▶ _PROBLEM DETAILS_
Starting with the line that contains "jovem asiático alegre", copy each line exactly through the end of the listing, and omit all pictures.

▶ _RAW DATA_
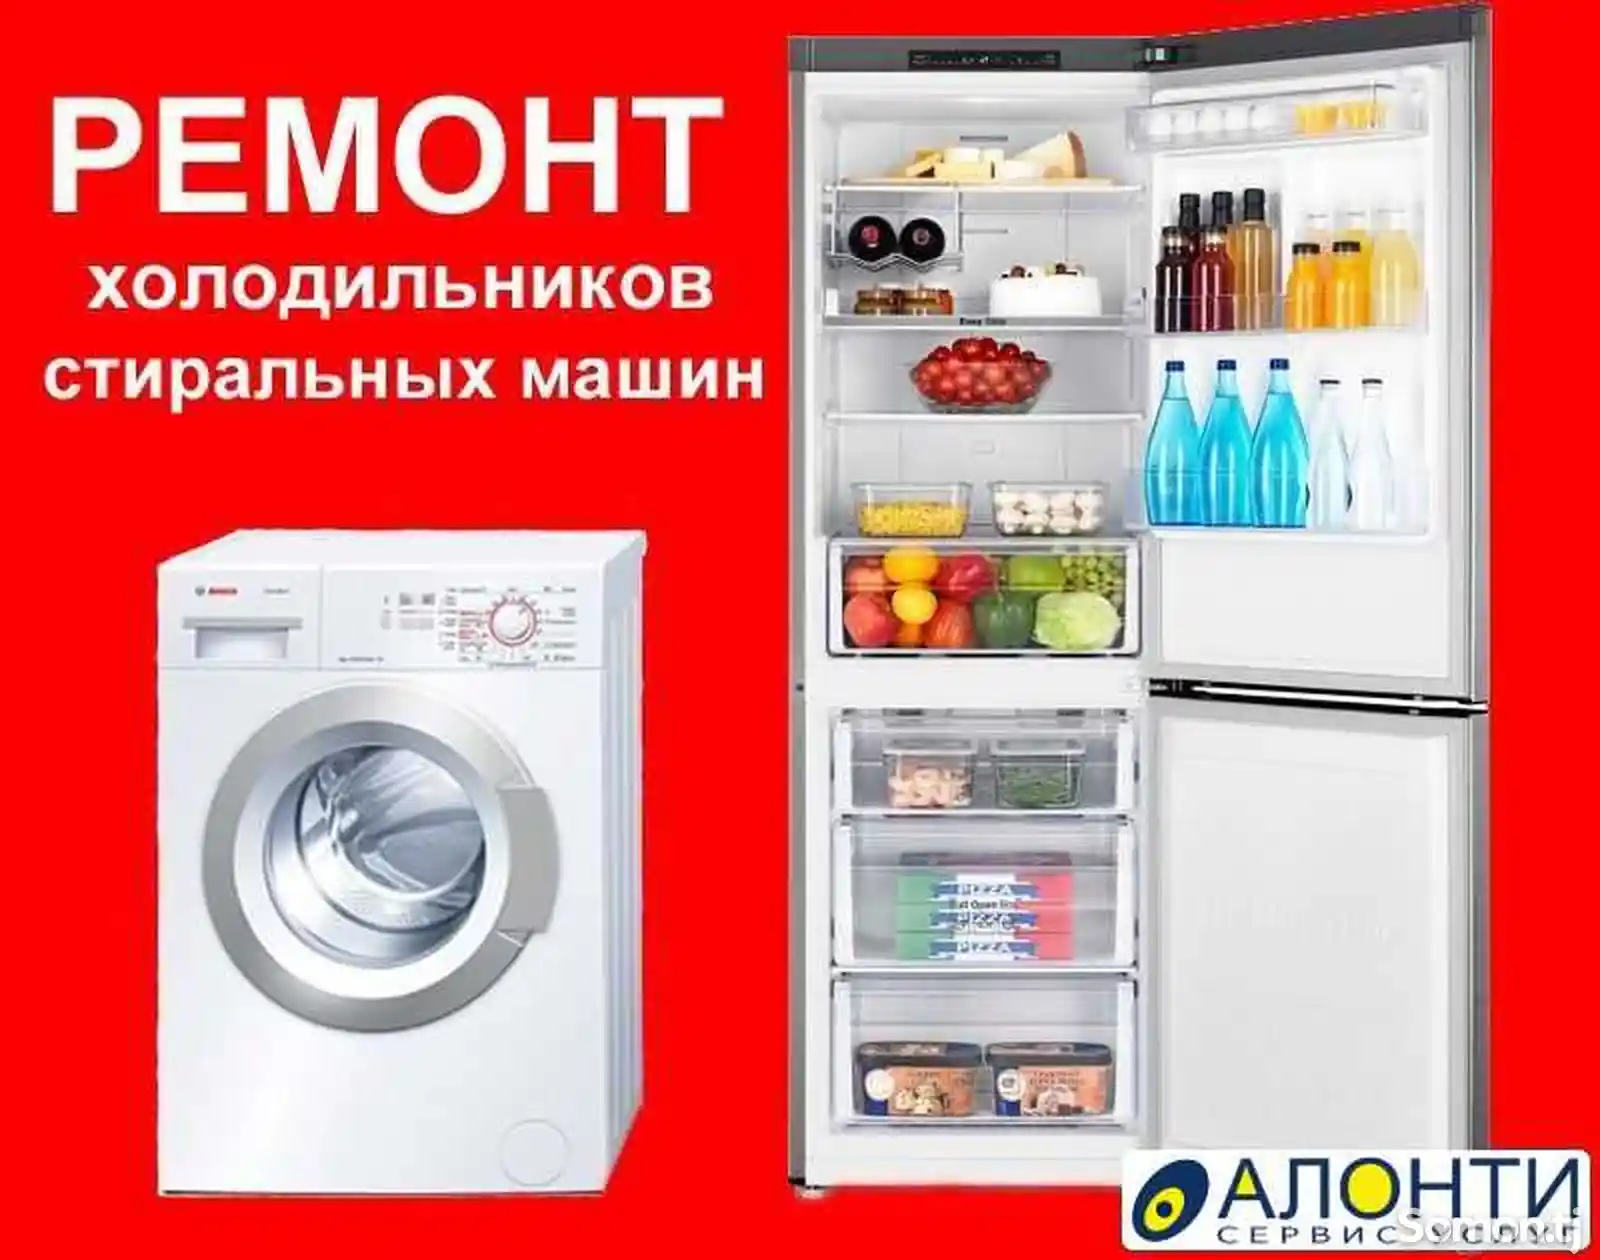 Ремонт холодильников, кондиционеров и стиральных машин-2
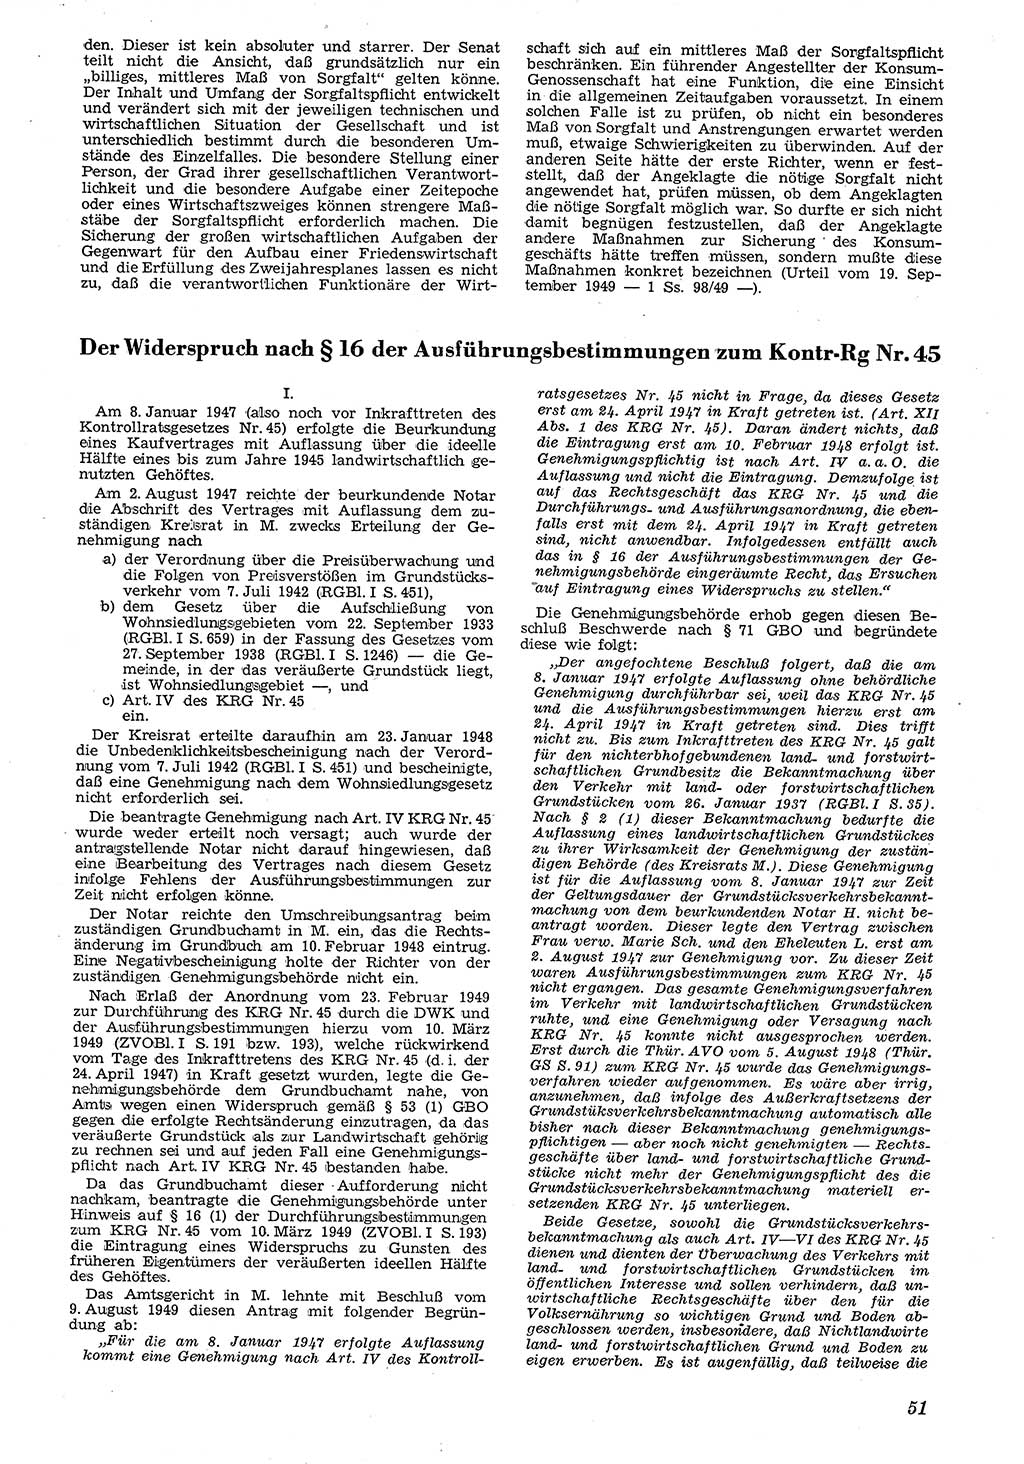 Neue Justiz (NJ), Zeitschrift für Recht und Rechtswissenschaft [Deutsche Demokratische Republik (DDR)], 4. Jahrgang 1950, Seite 51 (NJ DDR 1950, S. 51)
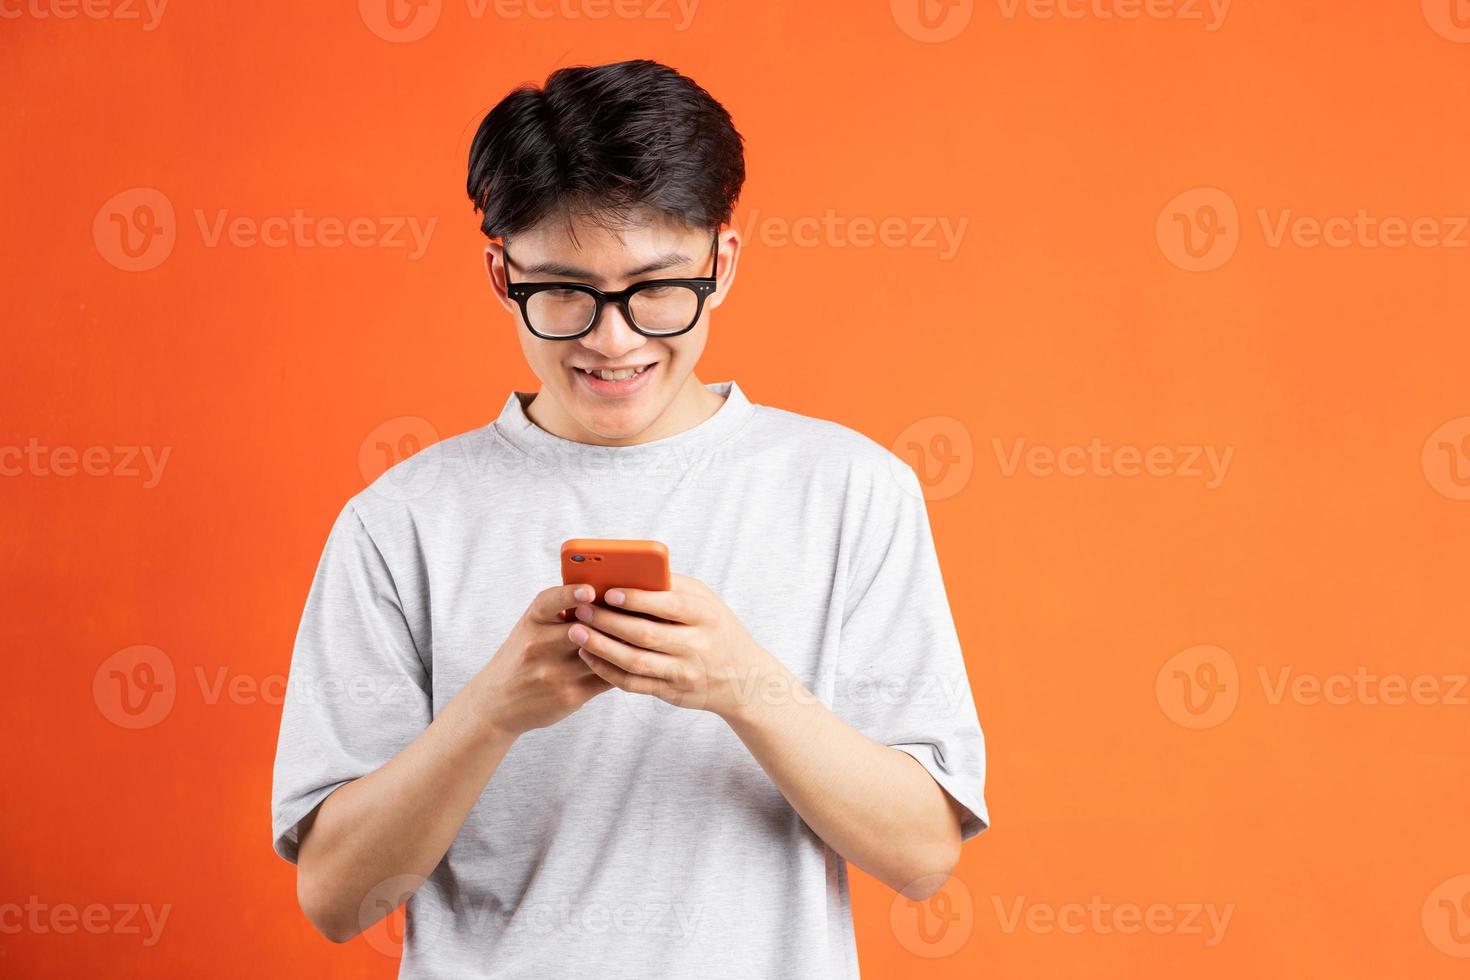 jovem asiático alegre usando telefone isolado em fundo laranja foto
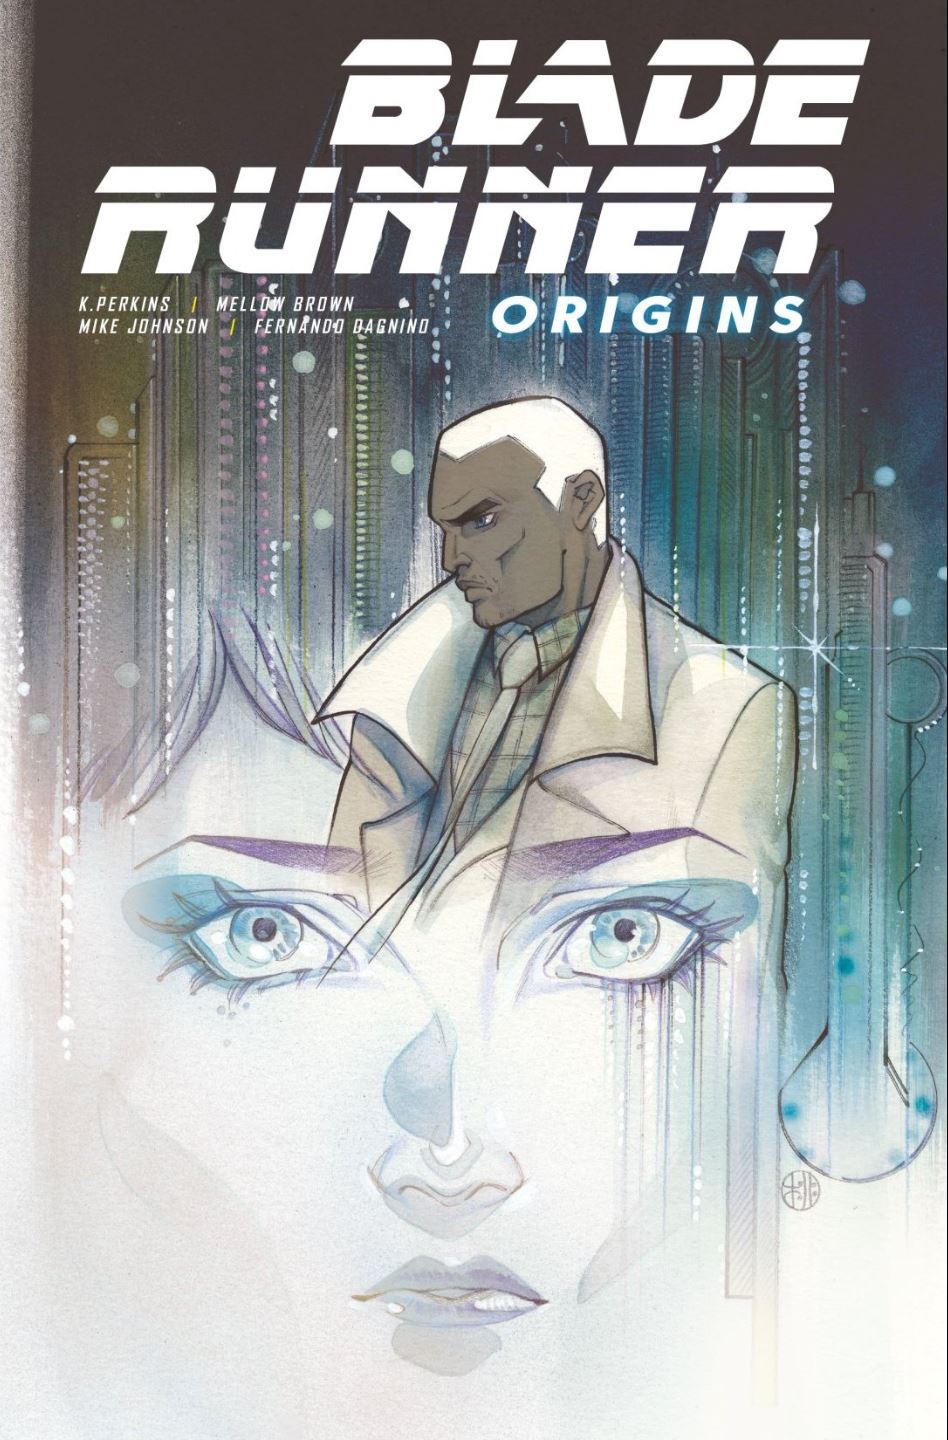 Blade Runner Origins issue 1 cover

▶ _RESULT_
 jovem asiático alegre usando telefone isolado em fundo laranja foto
 Blade Runner Origins issue 1 cover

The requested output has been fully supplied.